[PATCH v4 0/2] Add p2p via dmabuf to habanalabs

Tue Jul 6 14:39:19 UTC 2021

On Tue, Jul 6, 2021 at 4:23 PM Jason Gunthorpe <jgg at ziepe.ca> wrote:
>
> On Tue, Jul 06, 2021 at 12:36:51PM +0200, Daniel Vetter wrote:
>
> > If that means AI companies don't want to open our their hw specs
> > enough to allow that, so be it - all you get in that case is
> > offloading the kernel side  of the stack for convenience, with zero
> > long term prospects to ever make this into a cross vendor subsystem
> > stack that does something useful.
>
> I don't think this is true at all - nouveau is probably the best
> example.
>
> nouveau reverse engineered a userspace stack for one of these devices.
>
> How much further ahead would they have been by now if they had a
> vendor supported, fully featured, open kernel driver to build the
> userspace upon?

There is actually tons of example here, most of the arm socs have
fully open kernel drivers, supported by the vendor (out of tree).

The hard part is the userspace driver and all the things you're
submitting to it. We've had open kernel drivers for mail/qualcomm/...
years before any believable open implementation started existing.
Typing up the memory manager and hw submission queue handling is
comparitively trivial. Generally the kernel driver is also done last,
you bring up the userspace first, often by just directly programming
the hw from userspace. Kernel driver only gets in the way with this
stuff (nouveau is entirely developed as a userspace driver, as the
most extreme example).

This is a bit different for the display side, but nowadays those
drivers are fully in-kernel so they're all open. Well except the
nvidia one, and I've not heard of nvidia working on even an
out-of-tree open display driver, so that won't help the in-tree effort
at all.

Where it would have helped is if this open driver would come with
redistributable firmware, because that is right now the thing making
nouveau reverse-engineering painful enough to be non-feasible. Well
not the reverse-engineering, but the "shipping the result as a working
driver stack".

I don't think the facts on the ground support your claim here, aside
from the practical problem that nvidia is unwilling to even create an
open driver to begin with. So there isn't anything to merge.

> > open up your hw enough for that, I really don't see the point in
> > merging such a driver, it'll be an unmaintainable stack by anyone else
> > who's not having access to those NDA covered specs and patents and
> > everything.
>
> My perspective from RDMA is that the drivers are black boxes. I can
> hack around the interface layers but there is a lot of wild stuff in
> there that can't be understood without access to the HW documentation.

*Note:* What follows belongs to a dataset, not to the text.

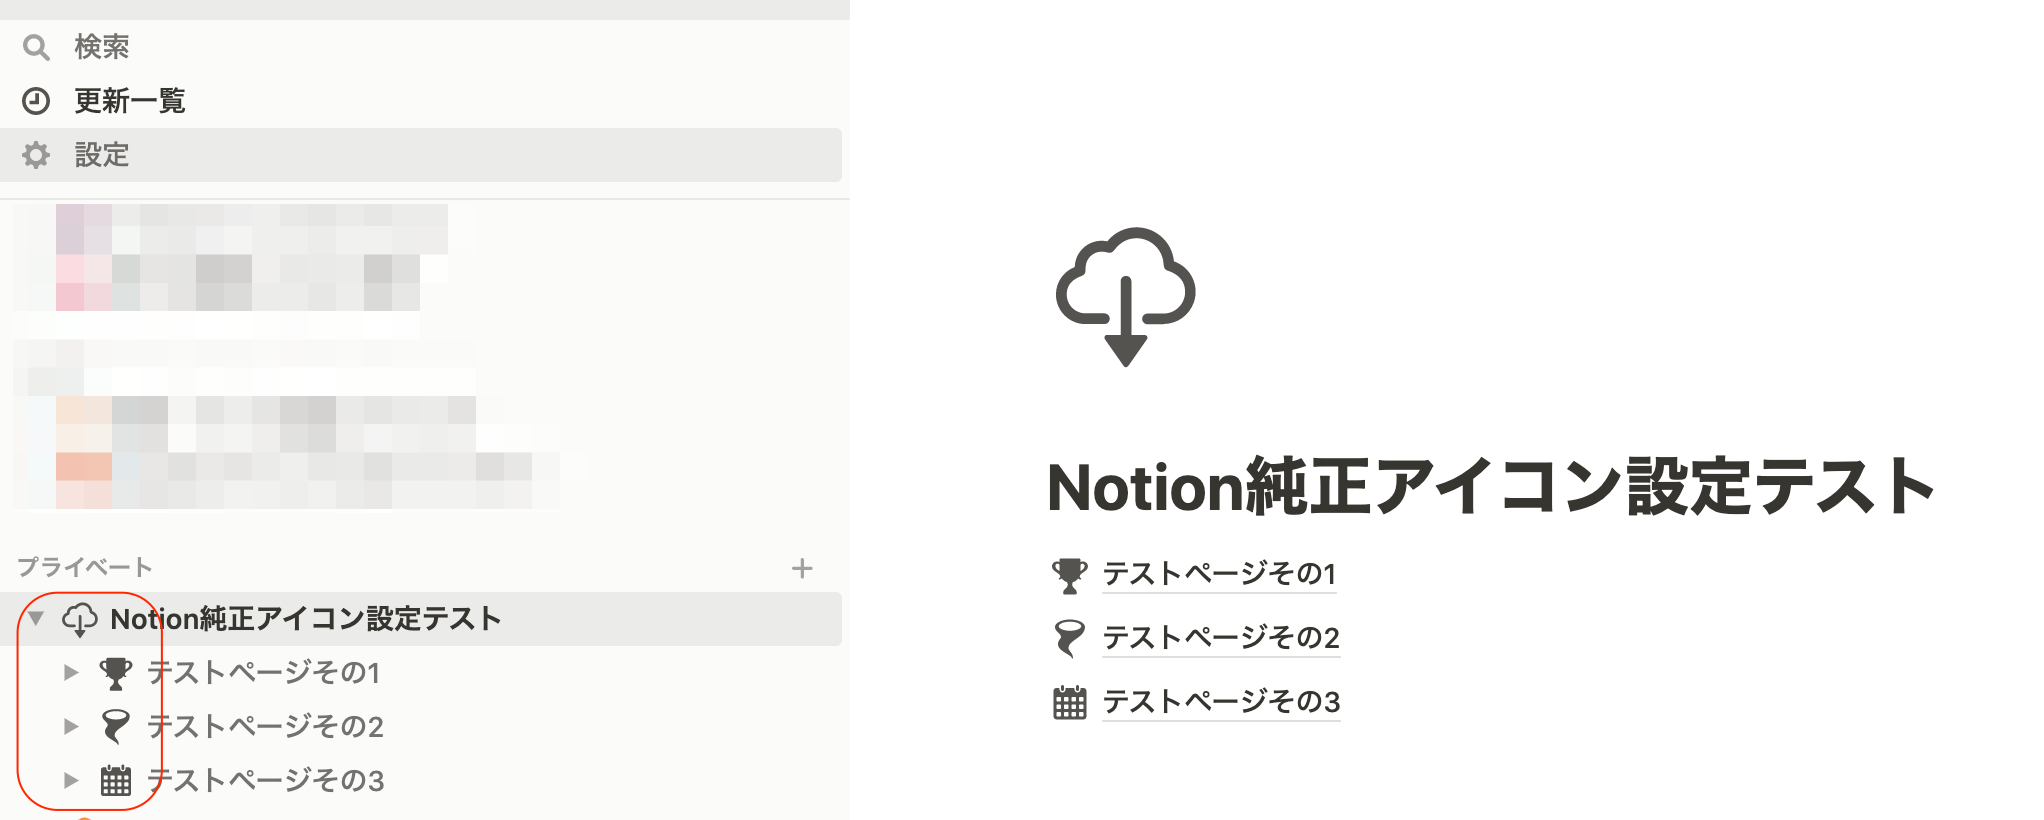 Notionページアイコンに Notion純正アイコン画像 を設定しておくと嬉しいポイントとは Notion Developersio

There's shipping gpu drivers with entirely reverse-engineered stacks.
And I don't mean "shipping in fedora" but "shipping in Chrome tablets
sold by OEM partners of Google". So it's very much possible, even if
the vendor is maximally stubborn about things.

> I think only HW that has open specs, like say NVMe, can really be
> properly community oriented. Otherwise we have to work in a community
> partnership with the vendor.

Well sure that's the ideal case, but most vendors in the accel space
arent interested actual partnership with the wider community. It's
"merge this kernel driver and have no further demands about anything
else". Well there are some who are on board, but it does take pretty
enormous amounts of coercion.
-Daniel
-- 
Daniel Vetter
Software Engineer, Intel Corporation
http://blog.ffwll.ch